In my previous post “Why My Man Does Not Get It Already!” I talked about how my man made a big deal about losing his 2 balls!
Even though I felt a bit uncomfortable revealing a little bit of my personal relationship to the world, I decided to continue in hopes it will help you in your relationships…
My man is out golfing again today and I’m here at home doing those chores that really need to be taken care of.
Just before my man left the house to go golfing with his friends he told me that those dirty dishes and the lawn better be mowed before he gets back home.
I can already envision that he will have a stressful day golfing and perhaps he will lose 2 more of his balls. Heavens forbid!
I do not mind doing all those chores but when he treats me like his “slave” rather than someone he cares about or someone he truly values as a person then this is when I start to resent him.

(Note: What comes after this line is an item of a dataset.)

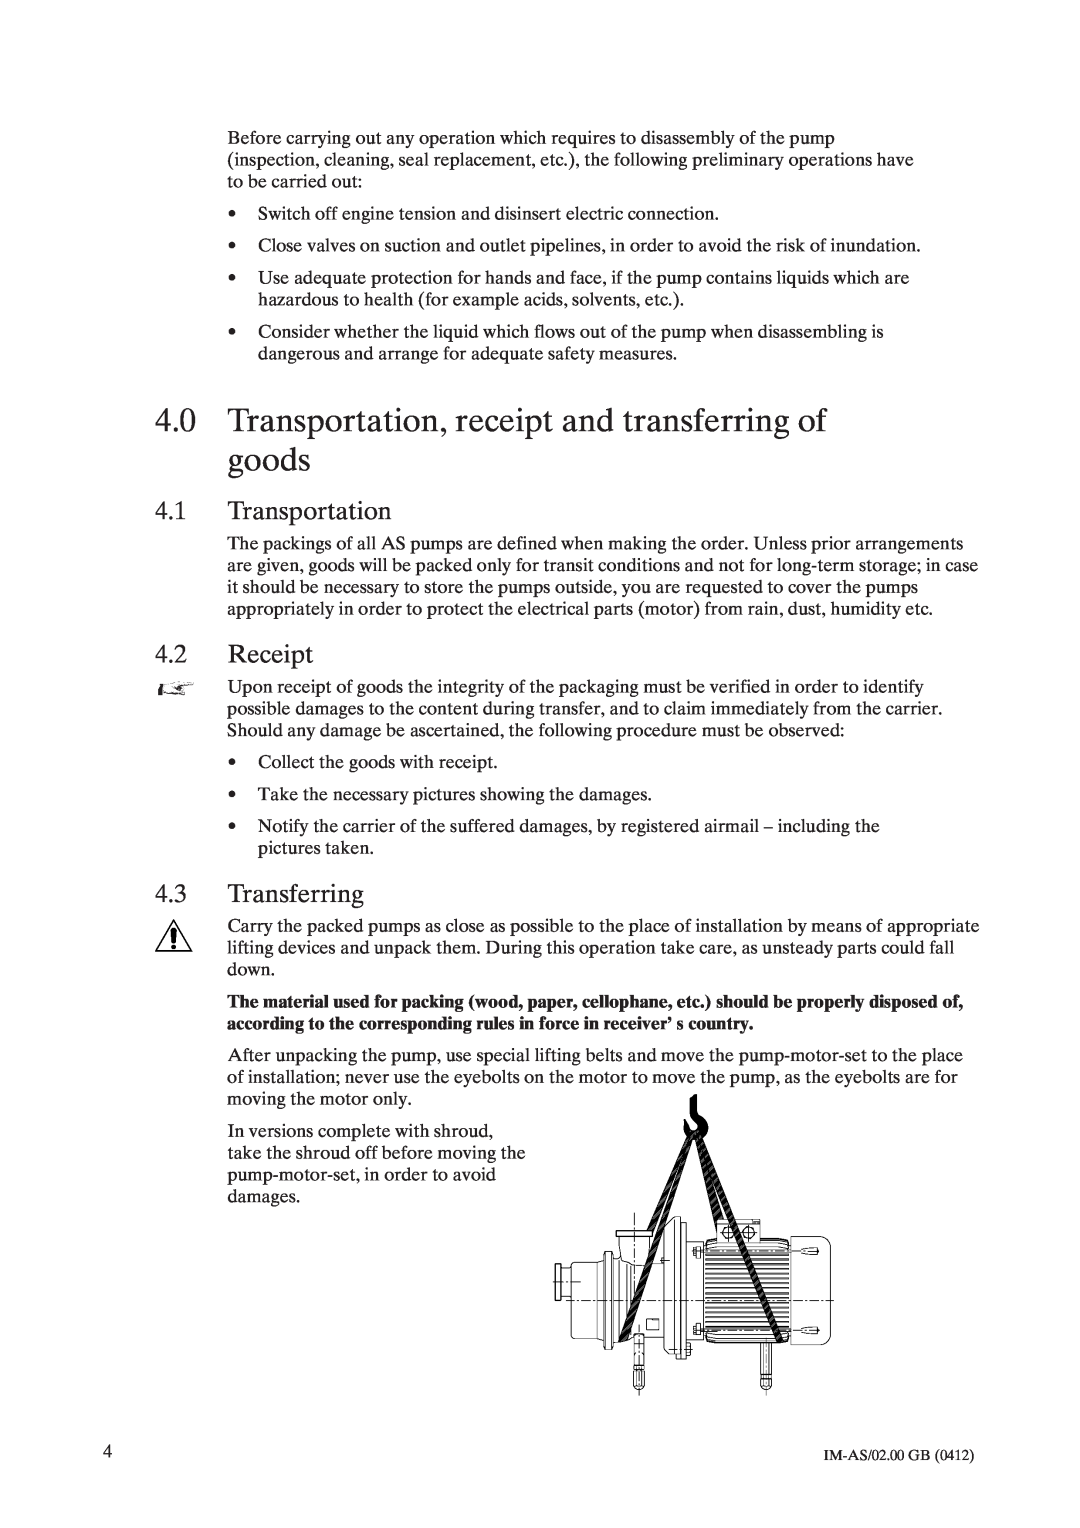 Johnson Controls AS instruction manual 4.1Transportation, 4.2Receipt, 4.3Transferring

My man really doesn’t understand that all I need is to be loved, valued and appreciated in all that I do for him and for us.
I never complain and perhaps because of this he takes everything for granted.
He thinks that everything is just fine in our relationship and every time when he comes home he thinks about other things – like in how he lost his balls and how stressed he was on his poorly played golf game and all the while ignoring my feelings.
He even complains on how poorly I do the chores as they are not to his standards.
Why is this so much more important to him? Why is that more important than I am to him?
My man doesn’t communicate our frustrations and problems in our relationship and only if he would realize how important this is then I think he would at least try to talk with me.
Am I asking for too much to have my man to simply identify and acknowledge my feelings?
My man is forgetting how special and wonderful it makes him feel when I appreciated him and when I think of him every moment of the day.
If he will just listen to my needs then I will feel like I’m important to him and in turn I will be grateful and even cook a delicious dinner just for him, over and above my daily duties.
I will even go out of my way to help him look for his lost balls.
Please, all I ask from him is just simply acknowledge and appreciate my feelings and in doing so I would feel like I’m loved and at the end of the day we both will be happy.
I hope my man will read this for the sake of our WellBeing – if not, perhaps I will have a talk with him when he returns back home from his stressful day at the golf course!